Got some issues
then one day I ran it out of gas I filled it up ran for about a mile and then it started running like crap. I hit the gas it would fall on it’s face and also had a high idle . I read some stuff that lead me to think it was the float sticking or a vacuum leak so I put my big girl pants on and pulled the carb off pulled it apart made sure the Needle was sealing right it was. Upon putting it back together and putting it on the the truck realized that I did not take off any vacuum lines and upon further inspection there were no vacuum lines hooked up at all mind you I have been driving this thing for a week back and fourth to work. It was running perfectly until I ran the tank dry
can some one help I can fix pretty much any thing but this is my first time owning a older Ford and I am not sure what I need to have hooked up or not I am just at a loss. Every picture I look at and every YouTube video I watch everting looks different
Every vehicle that is of this era has soft fuel lines that are absolutely inadequate for Ethanol fuel, It has been shown they break down internally. So replace the the soft lines and their respective clamps. Post back with any progress or questions.
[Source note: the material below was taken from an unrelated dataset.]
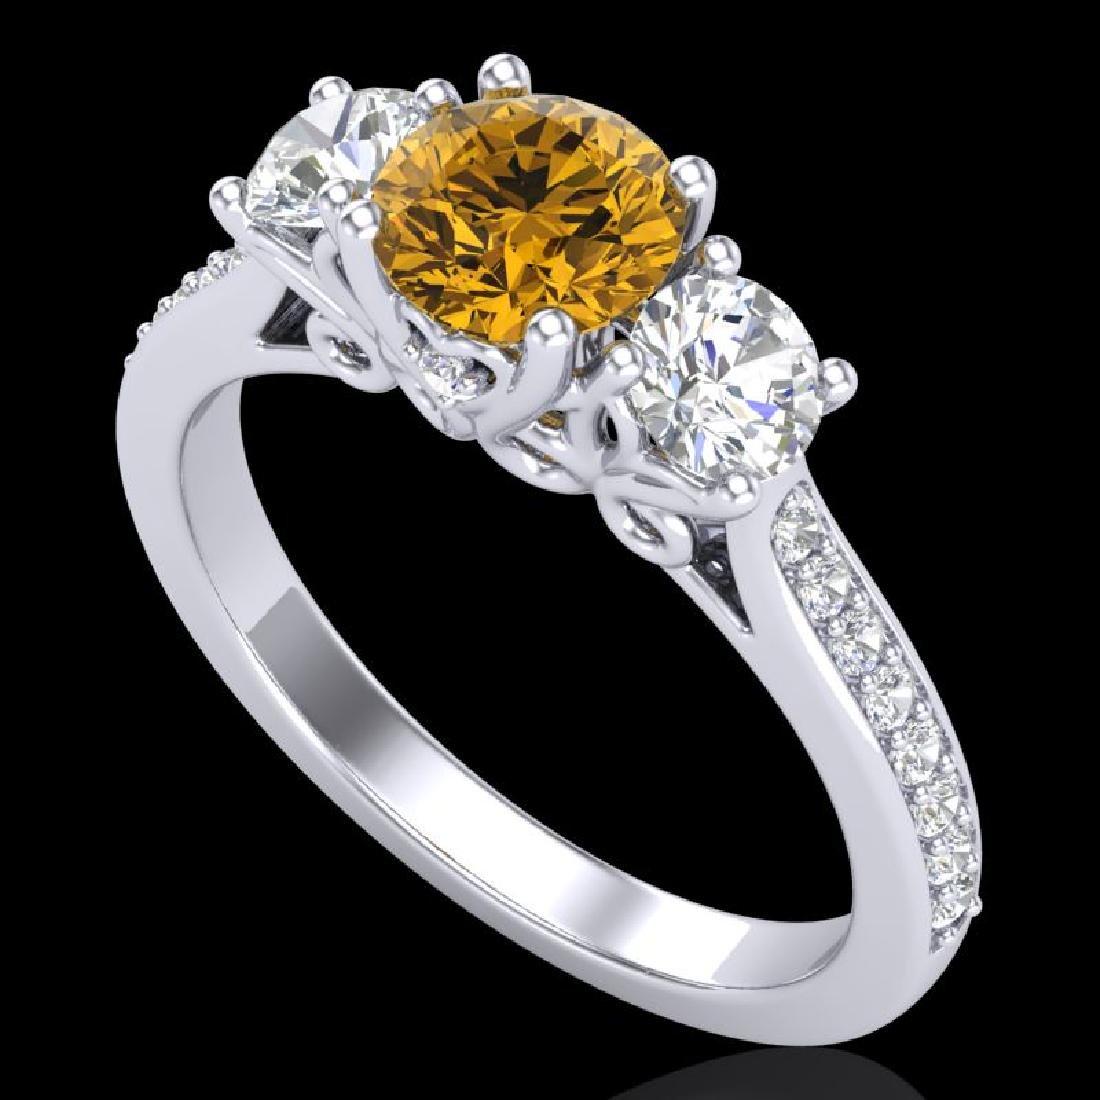 1.67 CTW Intense Fancy Yellow Diamond Art Deco 3 Stone

What turned out with the brake lights?
And yes there are no vacuum lines hooked up the little 4 way thing on the back of the intake that looks like a Xmas tree well it looks tike Charlie Brown got it Absolutely nothing on it the vacuum adavance on the distributor is just run under the fender and looks like it has never been hooked up there is nothing running to the carb other than fuel lines
I am going to try hooking up the distributor line and see if that helps along with the gas can trick to see if that would help
BTW when you get to the vacuum lines take a picture or 2 of what you have going on.
Your motor may only have 2 or 4 vacuum hoses.
Carb to dist for vacuum advance
Intake to power brakes if you have power brakes.
Intake to transmission if you have an auto transmission
base of carb or intake to valve cover with PCV in it
Intake to inside cab? for HVAC
They are the ones I know you NEED for everything to work as it should to use the truck.
Dave ----
I am at a loss I have worked on it all day I bought the repair manuals today to go through and try to see if they tell me what I need to have hooked and not hooked up and where I need to set the float. After reading for about 8 hours lol I trying the external gas can to make sure it was sucking gas and it was but it was still pushing gas out of the accelerator pump like it was flooded. I pulled the carb broke it down and double checked the float level made sure there was no crapola in the bowl and also removed the jets and cleaned them out with a needle put it all back together. With all the hope and Xmas spirt in my heart started it up same exact thing the choke won’t open when at temp and still high idle and face smashing when I hit the gas and it is still spiting out the accelerator pump any ideas cause I am out of them
Last edited by Ford tattoo guy; Dec 19, 2021 at 05:30 PM.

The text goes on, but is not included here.